Birçok mahkeme hükmünde görebileceğiniz, katiller ve işkenceciler için dahi rahatlıkla kullanılan “failin geçmişi, sosyal ilişkileri, fiilden sonraki ve yargılama sürecindeki davranışları, cezanın failin geleceği üzerindeki olası etkileri” gibi takdiri indirim sebepleri kullanılmamış bunun yerine “Sanığın duruşmadaki tutum ve davranışları, pişmanlık duymamış olması dikkate alınarak” indirim hükümleri uygulanmamıştır.
PİŞMAN DEĞİLİZ; ONUR DUYUYORUZ
Pişmanlık mı? Pişmanlık ne yaptığını bilmeyen, bilimsel düşünce sistematiğinden yoksun, ayakları yere basmayan duygusal coşkunluklarla hareket eden insanlara mahsus bir tutumdur. Biz bilimsel sosyalizmi kavramış, yaptığı işin bedellerini ödemeyi göze alarak hareket eden insanlarız. Bu yüzden de attığımız her adımı bilinçle atıyoruz. Ne mesleğimizi ne de bedeller ödeyerek kazandığımız saygınlığımızı dosyada ‘gizli ad’ koydukları ajan provokatörlerin söz ettiği mantık dışı, küçük işleri yaparak riske atmadık, hiçbir zaman da atmayız.

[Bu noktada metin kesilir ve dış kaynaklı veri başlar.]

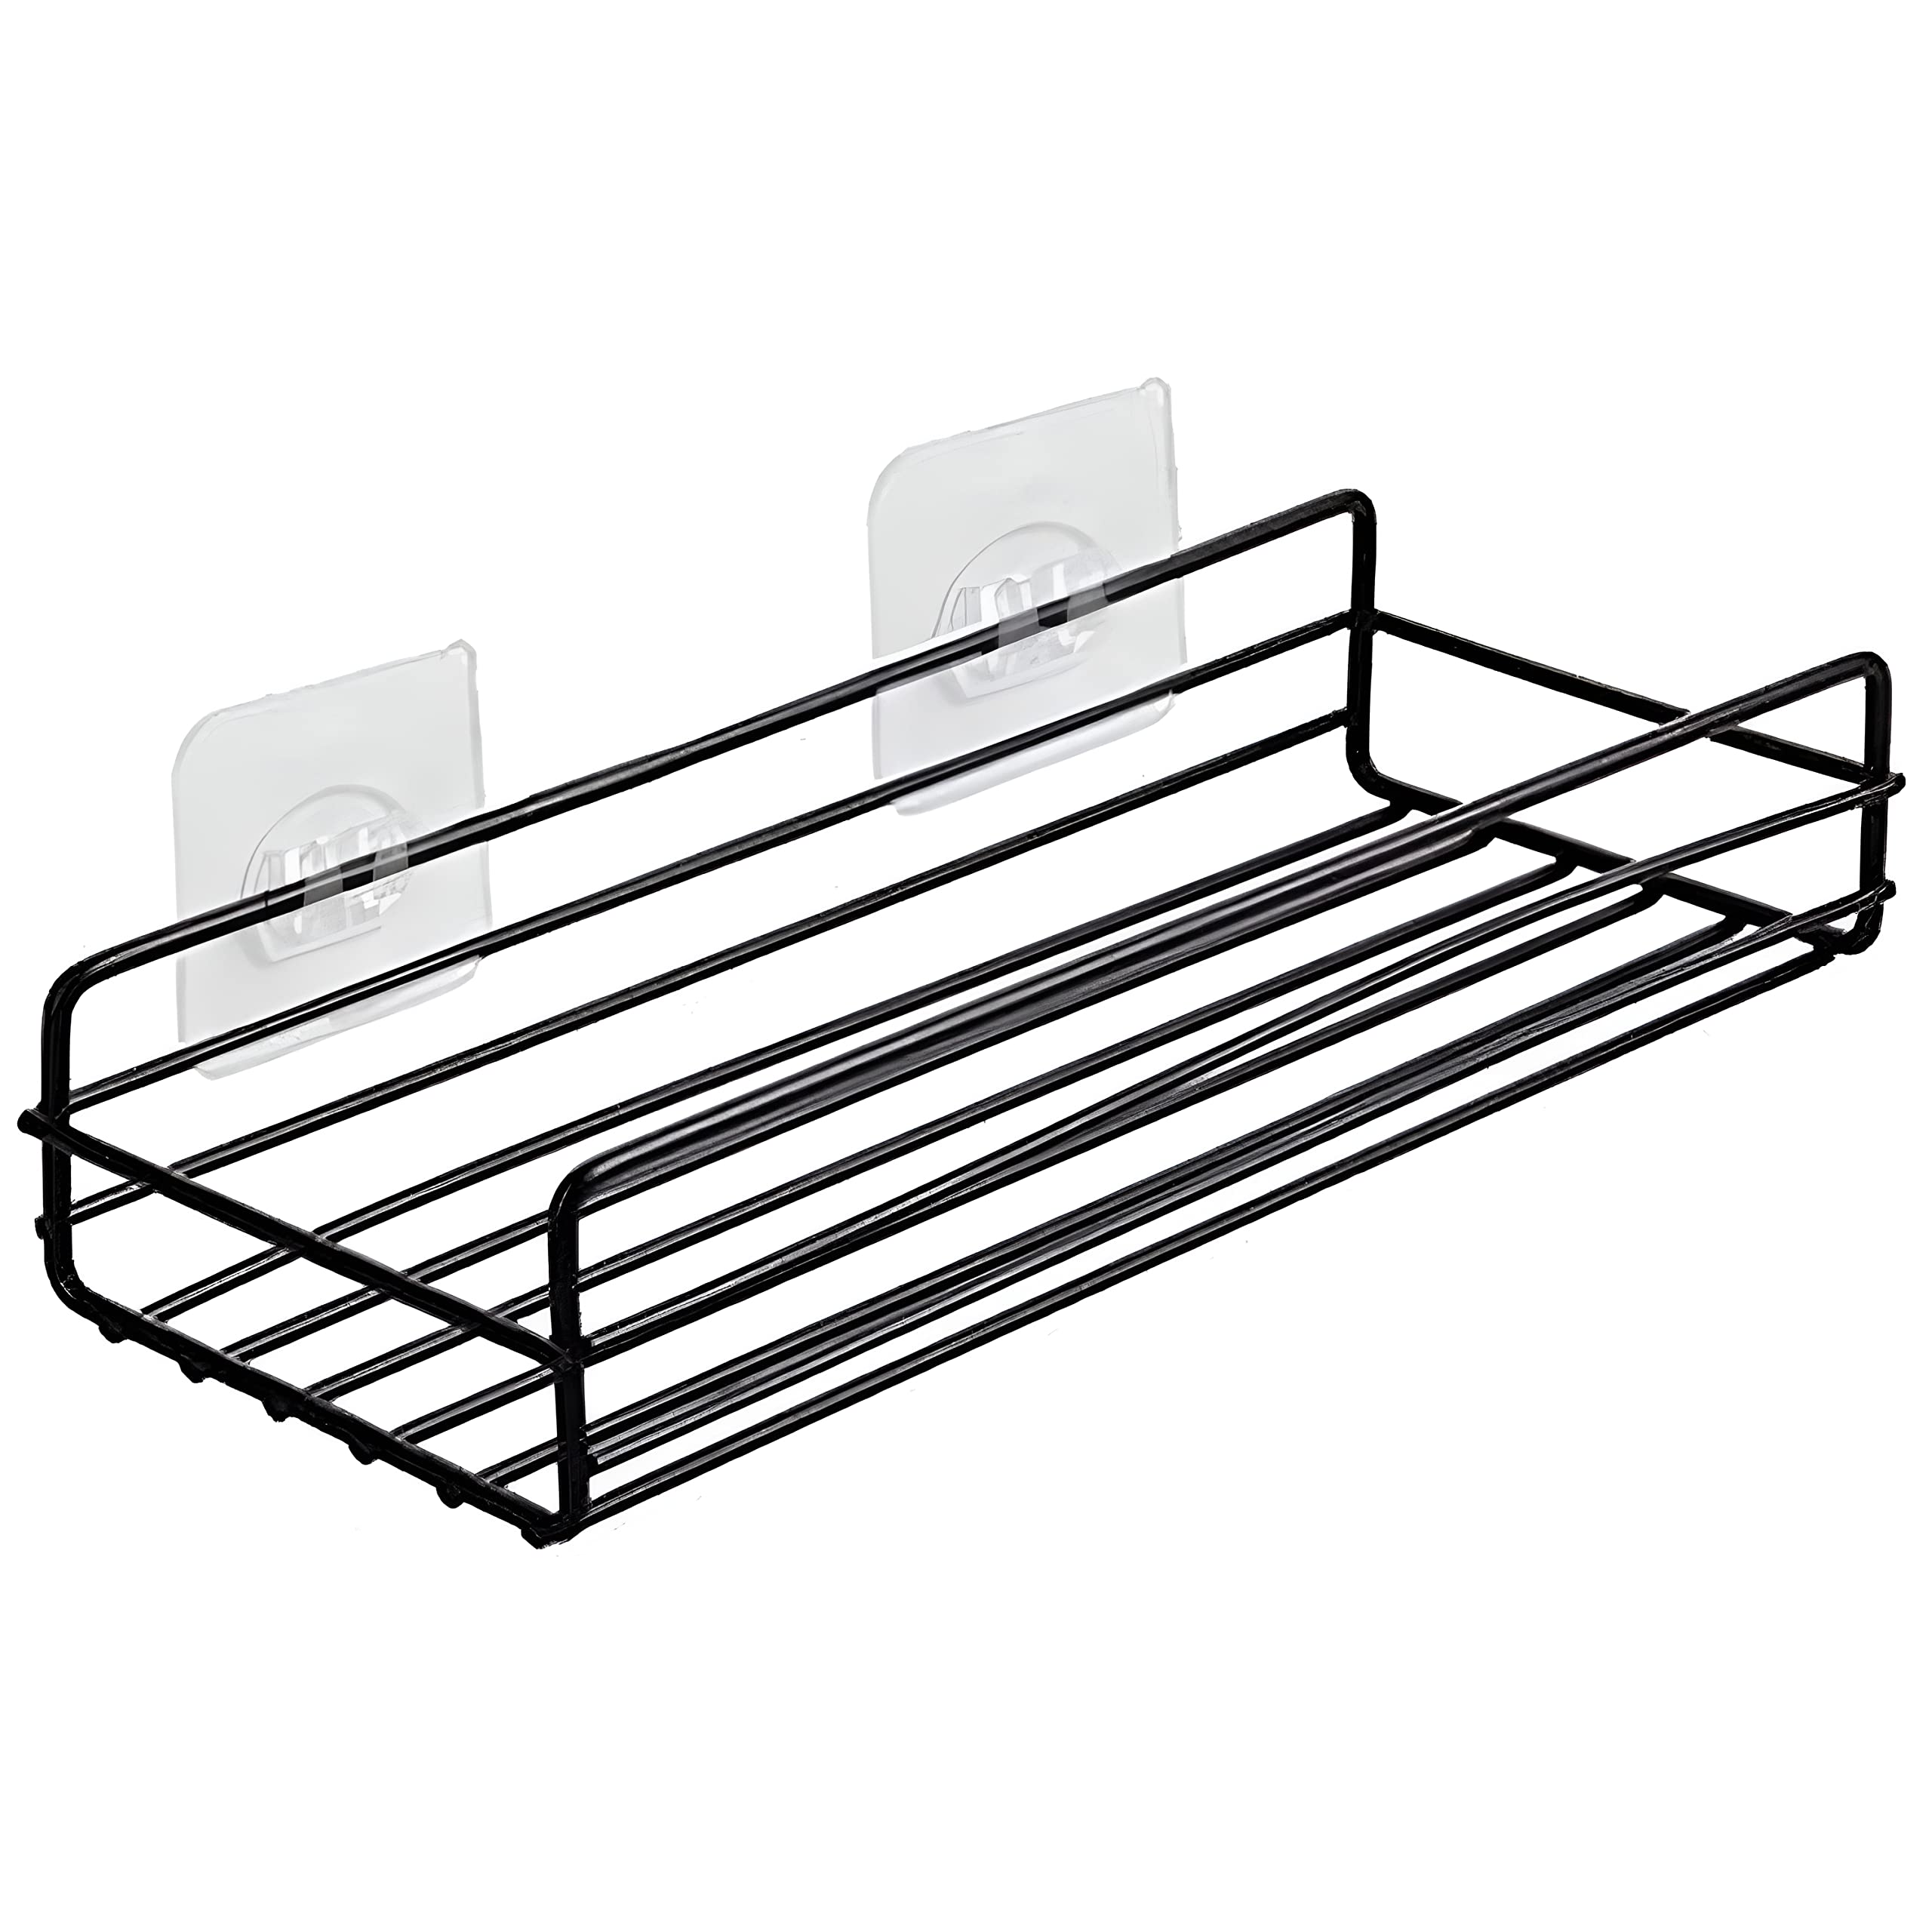 Plantex Self-Adhesive GI-Steel Bathroom Shelf-Multipurpose Rack/Organizer for Bathroom & Kitchen/Bathroom Accessories - Pack of 2 (12x5 inches,Black)

Bakanlığın polisleri savcıları tam da bu yüzden arkadaşlarımızı tutuklamak için delil üretmek, sahtecilik yapmak zorunda kaldılar.

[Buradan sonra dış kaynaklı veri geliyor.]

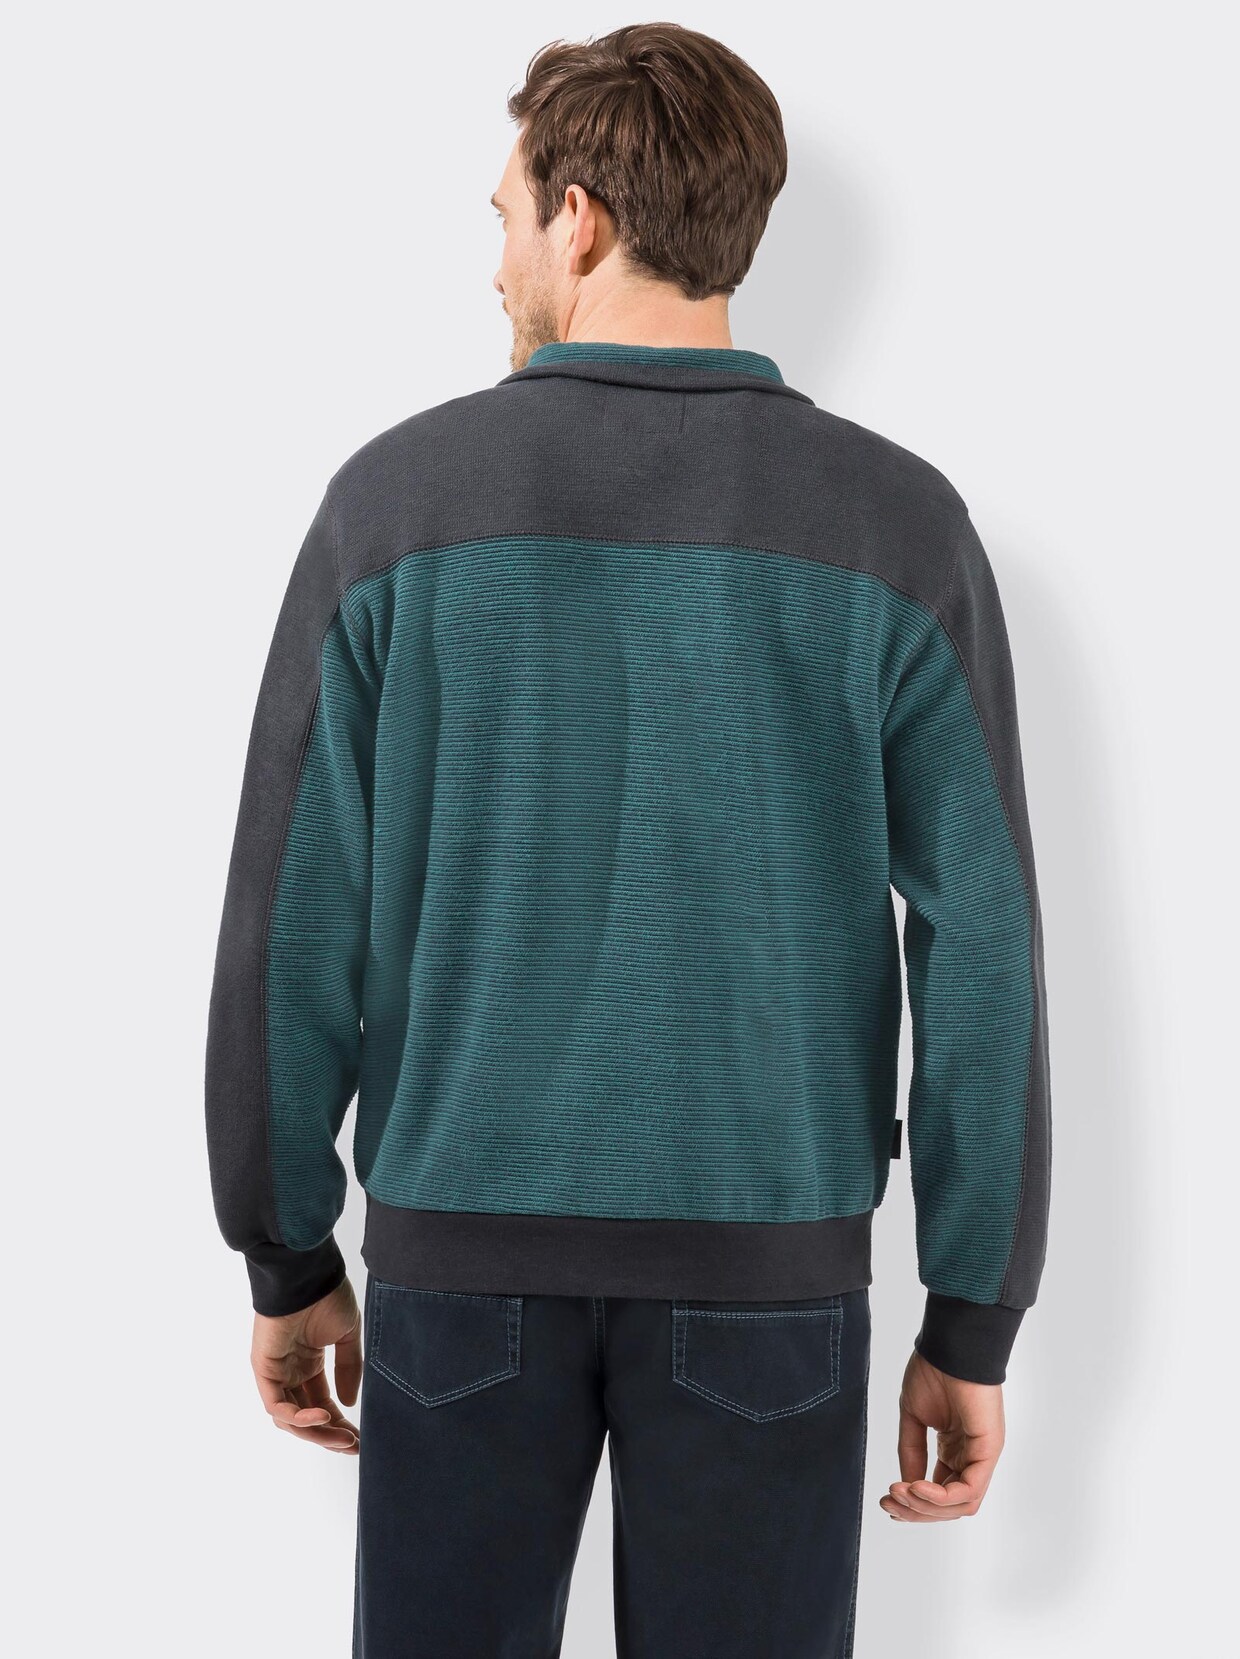 Marco Donati Sweatshirt - blau-grün

Kararda bahsi geçen ‘Meydana gelebilecek tehlikenin büyüklüğü’ konusunda haklıdırlar. Mussolini kadar açık söylenmese de verilen karardan onunla aynı fikirde olduklarını anlıyoruz. Devrimci avukatlar sermaye düzeni ve faşist diktatörlükler için her zaman için büyük bir tehlikedir.
İtiraf ediyoruz verilen cezaların büyüklüğü ile saklı bir gurur duyduğumuzu. O kararların gelecek günlerde faşizme karşı ne kadar etkili mücadele ettiğimizin bir ispatı olarak gösterileceğine öyle eminiz ki.
VE TEŞEKKÜR
Hukuka aykırılıklar karşısında tüm gözdağı ve baskılara rağmen gerçekleri ifade etmekten çekinmeyen, isimlerini tek tek sayamayacağımız 39 baroya ve saygıdeğer başkanlarına,
9 ayrı hapishaneye dağıtıldığımız durumlarda bile ziyaretlerimizden vazgeçmeyen, duruşmalarda bizi yalnız bırakmayan sevgili dostlarımıza,
Dosyamıza çalışmak için uzun mesailer harcayan, günler süren duruşmalar boyunca tutuklu arkadaşlarımızı yalnız bırakmamak için mahkeme başkanının saygısız ve fütursuz tavrına katlanan ülkenin en iyi ceza avukatlarına, avukatlarımıza teşekkür ediyoruz.